El Foro Económico Mundial, en colaboración con la Organización Mundial de la Salud (OMS), ha creado la Plataforma de Acción contra el COVID. Esta plataforma tiene por objeto catalizar el apoyo del sector privado a la respuesta sanitaria pública mundial al COVID-19, y hacerlo con la magnitud y rapidez necesarias para proteger la vida de los ciudadanos y sus medios de vida, con el fin de encontrar maneras de contribuir a poner fin a esta emergencia mundial lo antes posible.

El Foro, como organización, ya ha apoyado anteriormente iniciativas para la contención de epidemias. En 2017, durante nuestra Reunión Anual, se puso en marcha la Coalición para la Innovación en Preparación para Epidemias (CEPI, por sus siglas en inglés), que reúne a expertos del ámbito gubernamental, empresarial, sanitario y académico así como de la sociedad civil, con el fin de acelerar el desarrollo de vacunas. Actualmente, la CEPI está colaborando en la carrera por obtener una vacuna contra esta cepa de coronavirus.

Finalmente, debemos unirnos todos para colaborar.


Está en boga en estos días preguntarse cuál es el sentido de las instituciones internacionales o de los sistemas de respuesta pública fuertes. Este virus lo deja claro: en una emergencia sanitaria mundial, todos somos tan fuertes como nuestro eslabón más débil, ya sea que representemos a una empresa, a una economía o a un sistema de salud.

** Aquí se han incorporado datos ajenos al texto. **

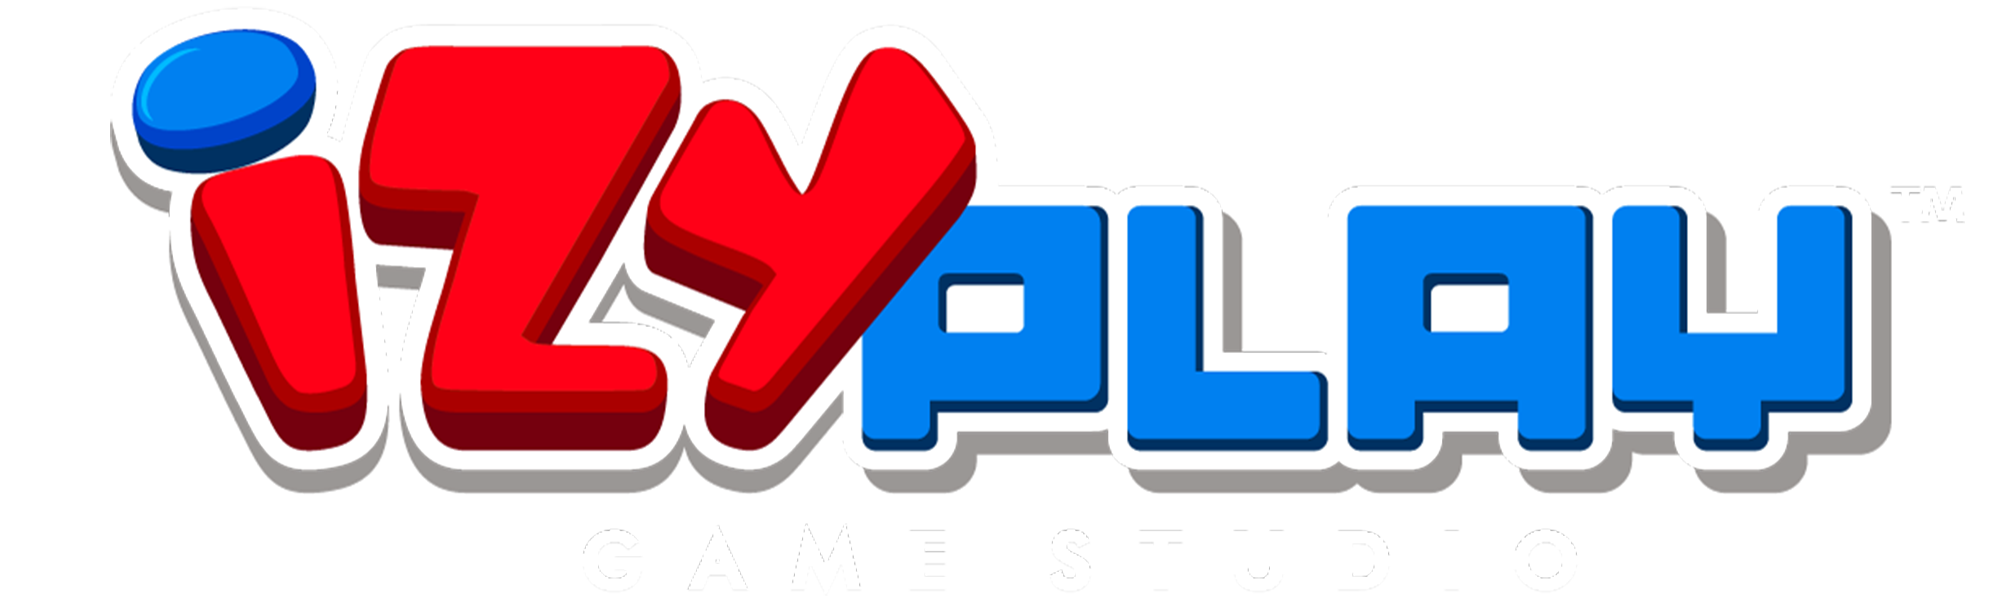 IzyPlay Game Studio

COVID-19 presenta una verdadera prueba para ver cómo podemos unirnos colectivamente para mitigar el riesgo y la perturbación en este nuevo entorno.

Muchos de nosotros tendemos a creer que los brotes ocurren en algún otro lugar, y es el trabajo de otros mantenerlos allí. No en este. COVID-19 es un problema mundial y la amenaza más grave para la salud mundial en décadas. Si no nos unimos para asegurarnos de que el mundo entero esté protegido, nunca estaremos protegidos nosotros mismos. Juntos, como una comunidad internacional informada y equipada, tenemos la oportunidad de marcar la diferencia.

No podemos permitirnos actuar solos. Pero si actuamos juntos, el impacto de esta crisis en la salud, así como en la vida social y económica, puede mitigarse, y podemos ser más resistentes para responder a futuros riesgos.